ANCHORAGE (AP) -- Patti Godfrey, wife of retired Alaska Commissioner of Public Safety Glenn Godfrey, was recovering Sunday after undergoing 12 hours of surgery for gunshot wounds.
On Saturday, her 53-year-old husband was shot and killed inside their Eagle River home by a woman who also shot Patti Godfrey before turning the gun on herself and committing suicide.
Patti Godfrey, 52, remained in critical but stable condition Sunday at Alaska Regional Hospital. She underwent surgery Saturday to repair wounds to her arms, leg and stomach.
She was conscious Sunday and responded by nodding her head to questions posed by members of her family, said Greg Wilkinson, spokesperson for the Alaska State Troopers.
''The family is encouraged by Patti's progress, and appreciates the continued support and prayers of the community,'' the Godfrey family said in a statement issued by Wilkinson.
Funeral plans had not been finalized but were expected to be over the next several days. A memorial fund also was going to be established, Wilkinson said.
Anchorage police said the killer was a prominent Anchorage woman distraught over a failed relationship with Godfrey after he had reunited with his wife. The woman was identified as Karen Brand, 33, vice president of the Alaska State Chamber of Commerce and a former staff person with the state Legislature.
According to Anchorage police, the Godfreys apparently were shot about 12:30 a.m. Brand shot Glenn Godfrey first, once in the head and twice in the stomach. She then shot his wife as she fled up a flight of stairs. Police said Brand then shot herself in the head.
Patti Godfrey called 911 from a portable phone. Police arrived to find Glenn Godfrey and Brand dead in a room on the first floor. A .44-caliber Magnum revolver believed to have been used in the shootings was found near Brand's body.
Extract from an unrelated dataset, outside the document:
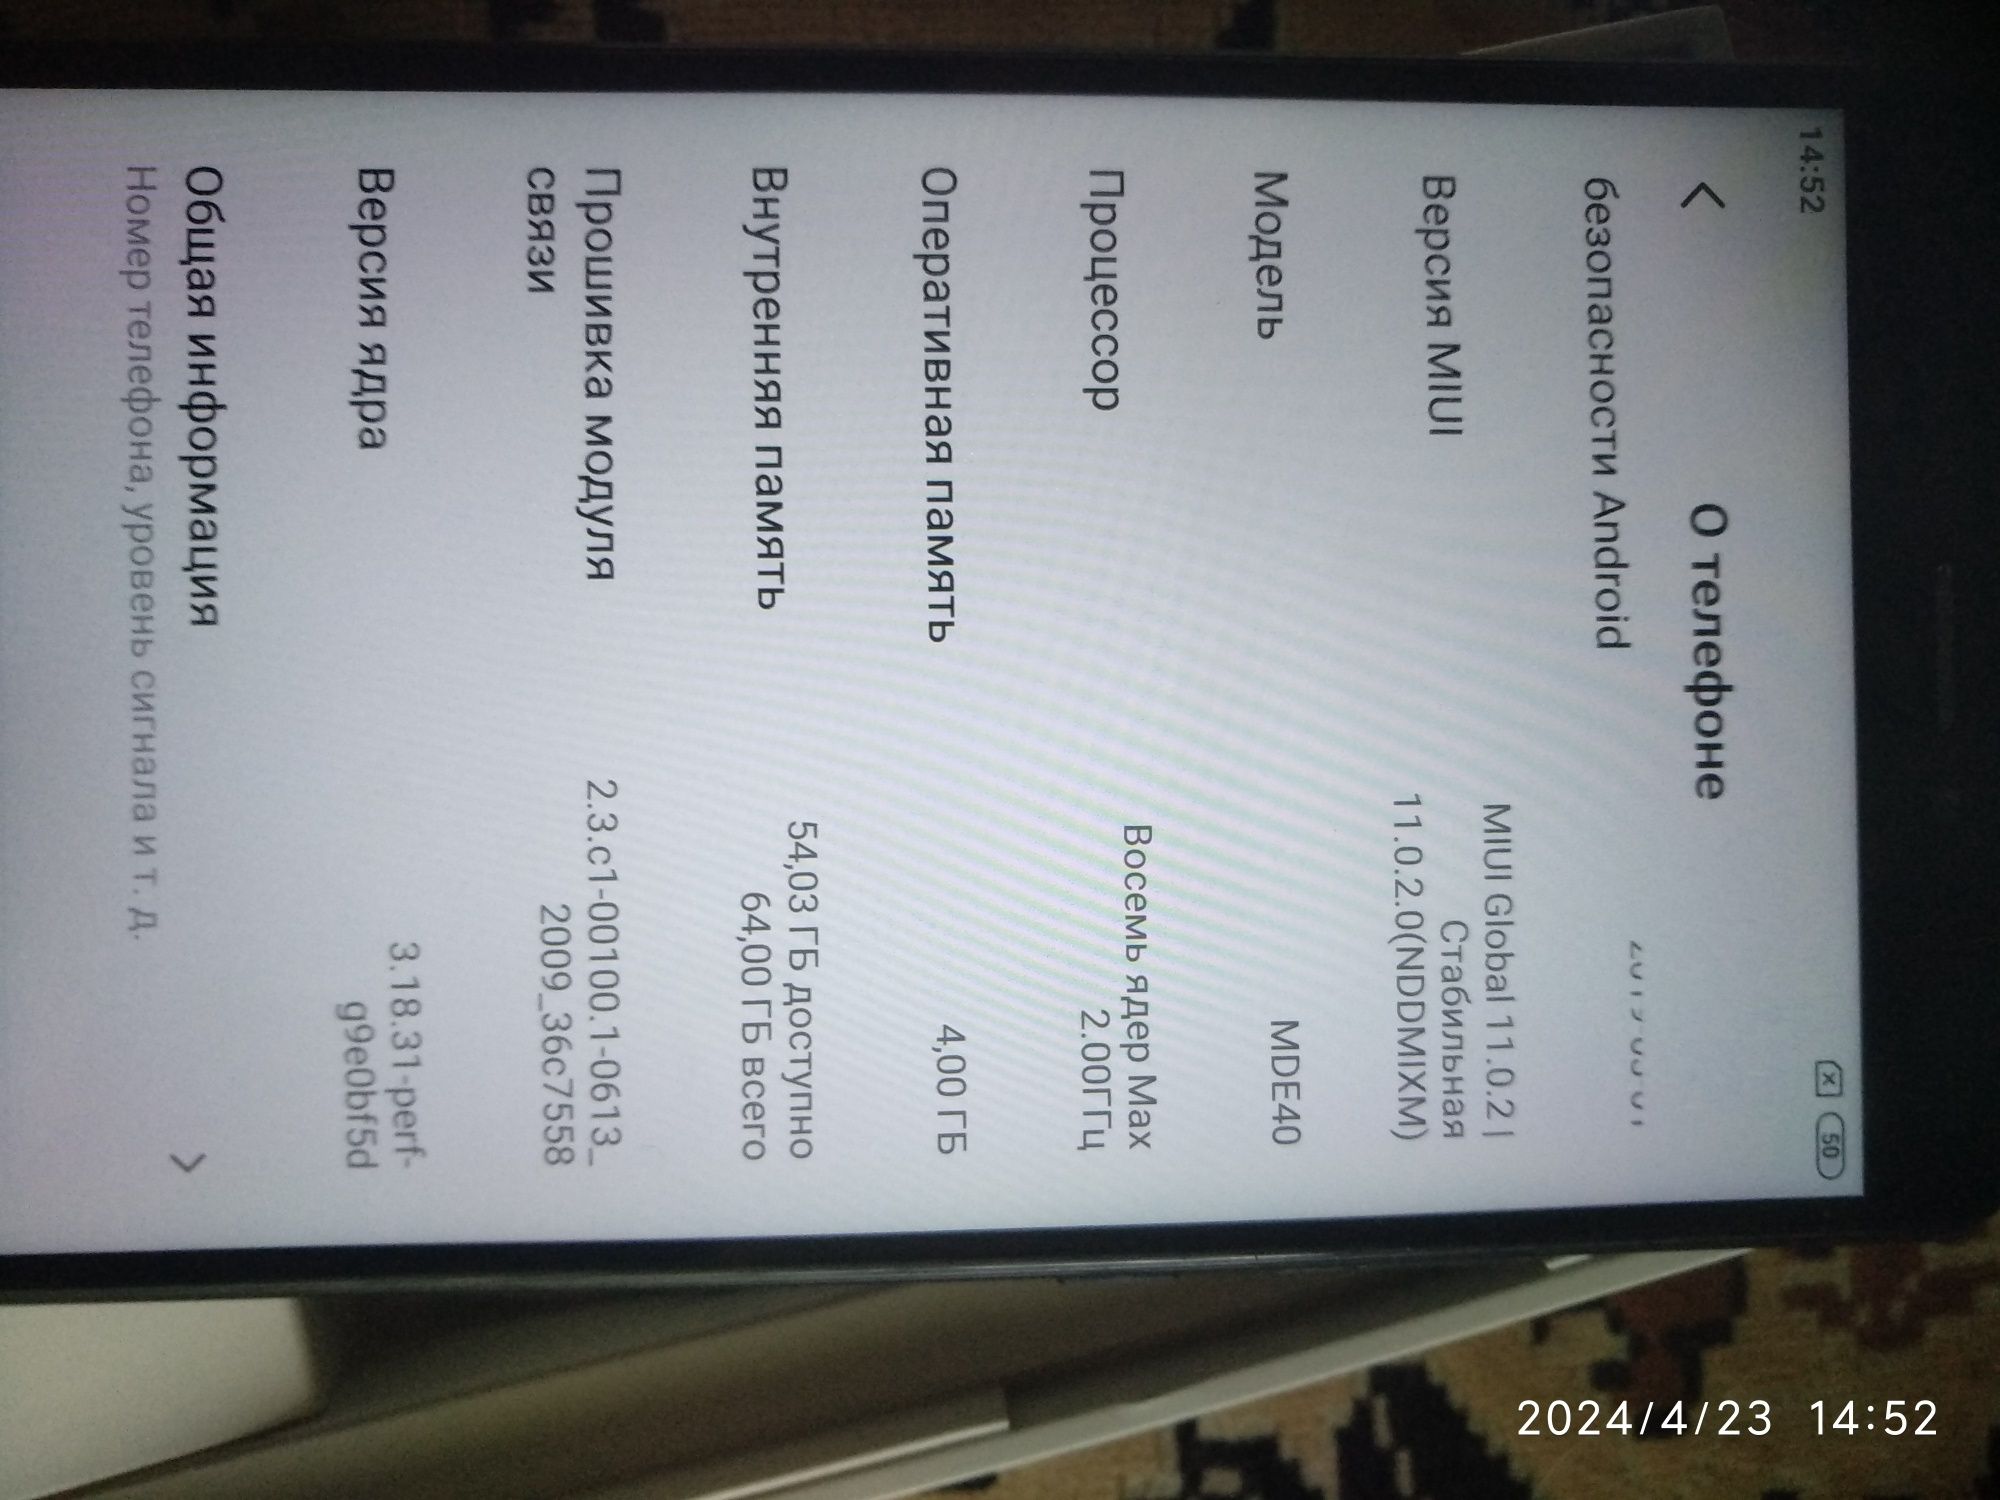 Гаджет Mi Max 2 Xiaomi
Диагональ экрана 6,44 в идеальном состоянии

Godfrey was public safety commissioner from August 2000 to June of this year. Before that he was director of the Alaska State Troopers.
Godfrey joined the troopers in 1970 and was post commander in Bethel where he was instrumental in establishing the current Village Public Safety Officer program.
Godfrey retired after 32 years with the Department of Public Safety to accept a position with Koniag Inc., the Native regional corporation for the Kodiak area. Godfrey had been a board member since 1989 and board chairman since 1996.
An Aleut who grew up in Kodiak, Godfrey was named ''Citizen of the Year'' by the Alaska Federation of Natives in 2000.